9. Repeat steps 7-8 for the element Typ Dorm Room Rt. Rename it Typ Dorm Room Rt 1.

Tip: By default, an element can only be attached once. Mirror copies or copies of the element will fail to have their walls cleaned up. Therefore, to attach multiple elements, the previous one must be renamed.

10. Right-click on the element Typ Dorm Room Lt.

11. Select Xref Attach from the Context Menu.

12. Repeat steps 7-8 for the element Typ Dorm Room Lt.

13. Rename it Typ Dorm Room Lt 3.

Tip: The Element will be attached as a new instance. It will also be inserted at the Element’s origin point. Therefore, it must be moved.

14. Select the element in the first room.

15. Use the Move command to relocate it to the third room.

16. Repeat steps 10-15 to attach the element Typ Dorm Room Rt, rename it to Typ Dorm Room Rt 4, and move it to the last room.

You have successfully created a floor plan. Bear in mind that all modifications to a room layout must be made back in the Element drawing. Any changes will then be propagated to the Constructs in which it is attached via the external reference link. With one floor completed, you can move on to create the additional floors of the building model. Remember, less is more.
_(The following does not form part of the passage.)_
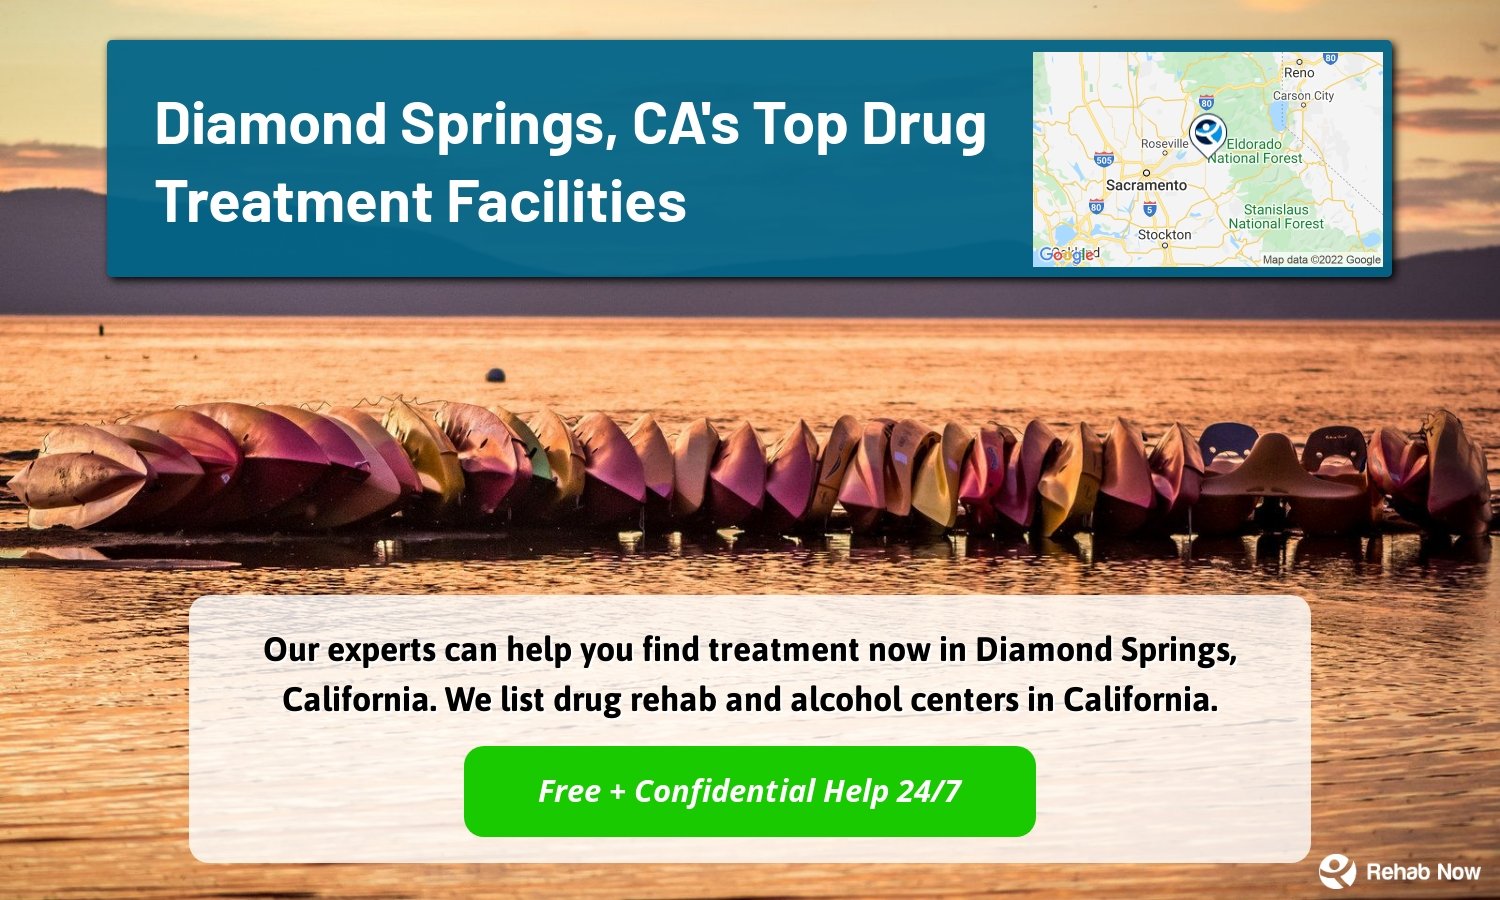 Our experts can help you find treatment now in Diamond Springs, California. We list drug rehab and alcohol centers in California.

Project Navigator’s productivity tools make it fairly easy to complete this process.

Create Two New Floor Levels

1. Switch to the Project tab on the Project Navigator.

2. Click the Edit Levels button.

3. Change the Floor to Floor Height value to 12’-0”.
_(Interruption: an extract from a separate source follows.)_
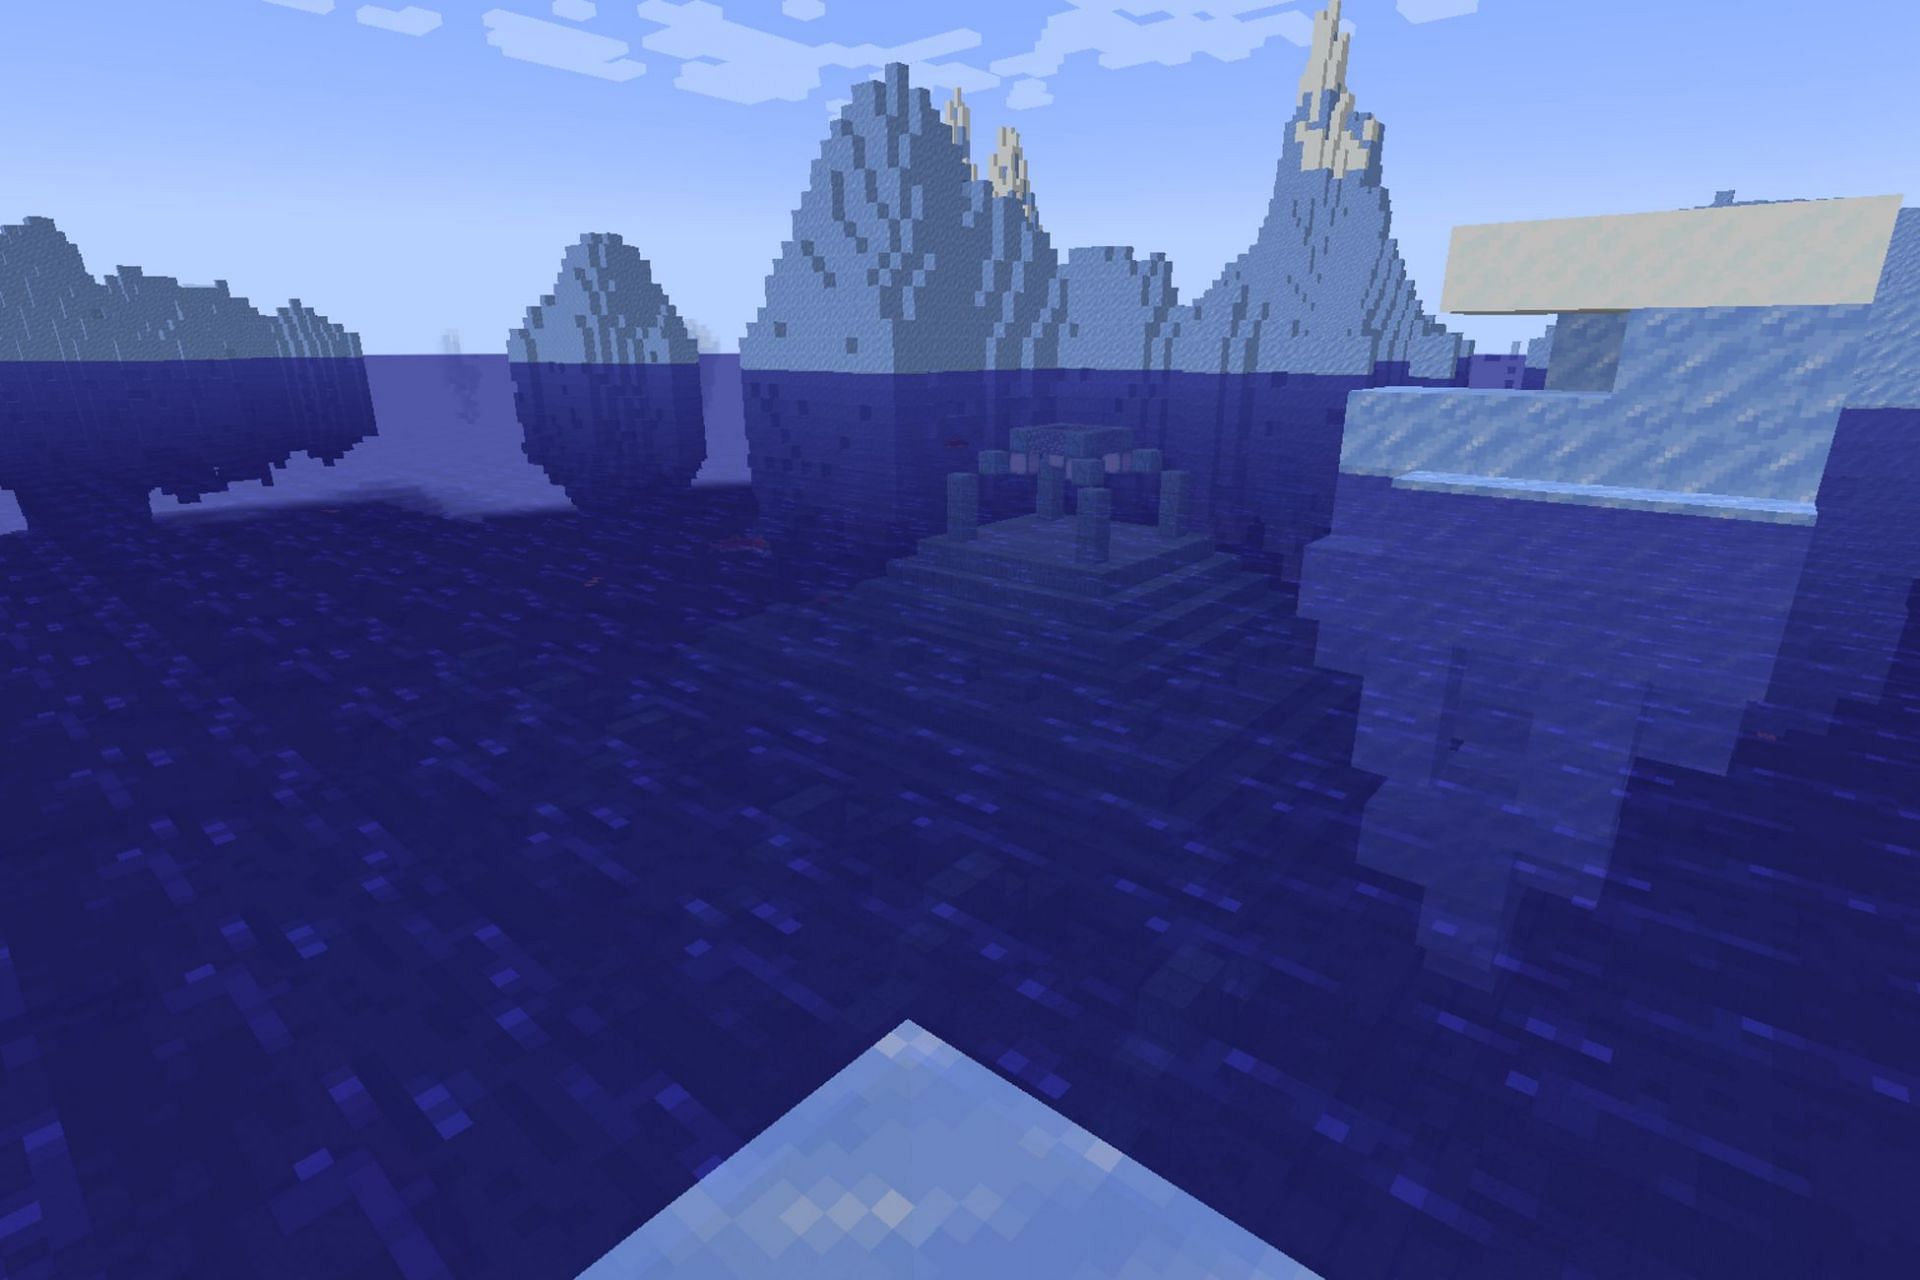 Adjacent monuments to the spawn are steeped in frozen oceans (Image via Mojang)

4. Click the Add Level button twice.

5. Give the Level 2 a description of Second Floor and Level 3 a description of Third Floor.

6. Click the OK button.

7. In the AutoCAD warning dialog, click Yes to regenerate the project views.

8. Switch to the Constructs tab.

9. Right-click on the construct 01 Shell Walls.
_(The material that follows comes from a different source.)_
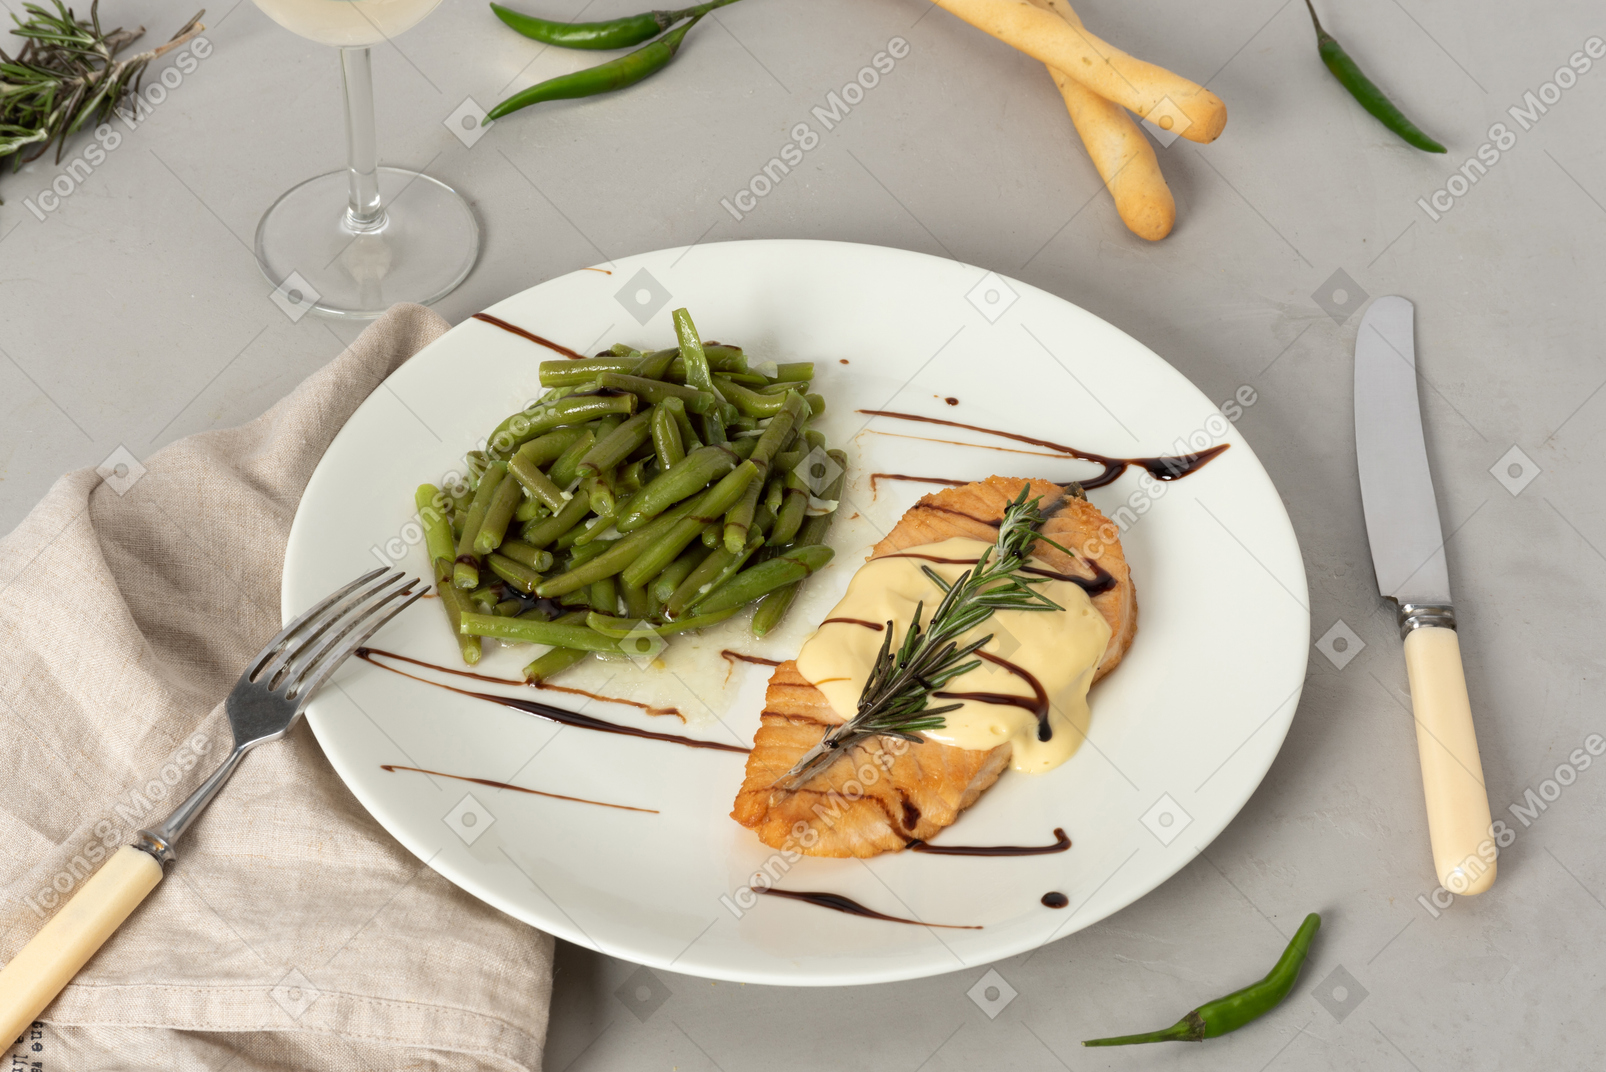 Dish of pice of salmon with sauce and string beans

10. Select Copy Construct to Levels… from the Context Menu.

11. Check the boxes for Second Floor and Third Floor in the Copy Construct to Levels dialog window.

12. Click the OK button to create the additional constructs.

13. Review the new copies of the construct 01 Shell Walls.

14. Right-click on the construct 01 Shell Walls (2).

15. Select Rename from the Context Menu.

16. Rename the construct 02 Shell Walls.

17. Repeat steps 14-16 to rename the construct 01 Shell Walls (3) to 03 Shell Walls.

18. Click the Repath Xref button on the Project Navigator.

19. Double-click on the 02 Shell Walls construct to open it.

20. Delete the two double doors, two 4” walls, and space from the construct.

21. Save and close the construct.

22. Repeat steps 19- 21 for the 03 Shell Walls construct.

23. Double-click on the 01 Shell Walls construct to open it.

24. Right-click on the 02 Shell Walls construct and select Xref Overlay from the Context Menu.

25. Repeat step 24-25 for the 03 Shell Walls construct.

26. Switch to a SE Isometric view to see the results.

The Xref Overlay feature is only available when a construct is open. This allows the user to see the various constructs in context with one another. They can be detached at the user’s discretion.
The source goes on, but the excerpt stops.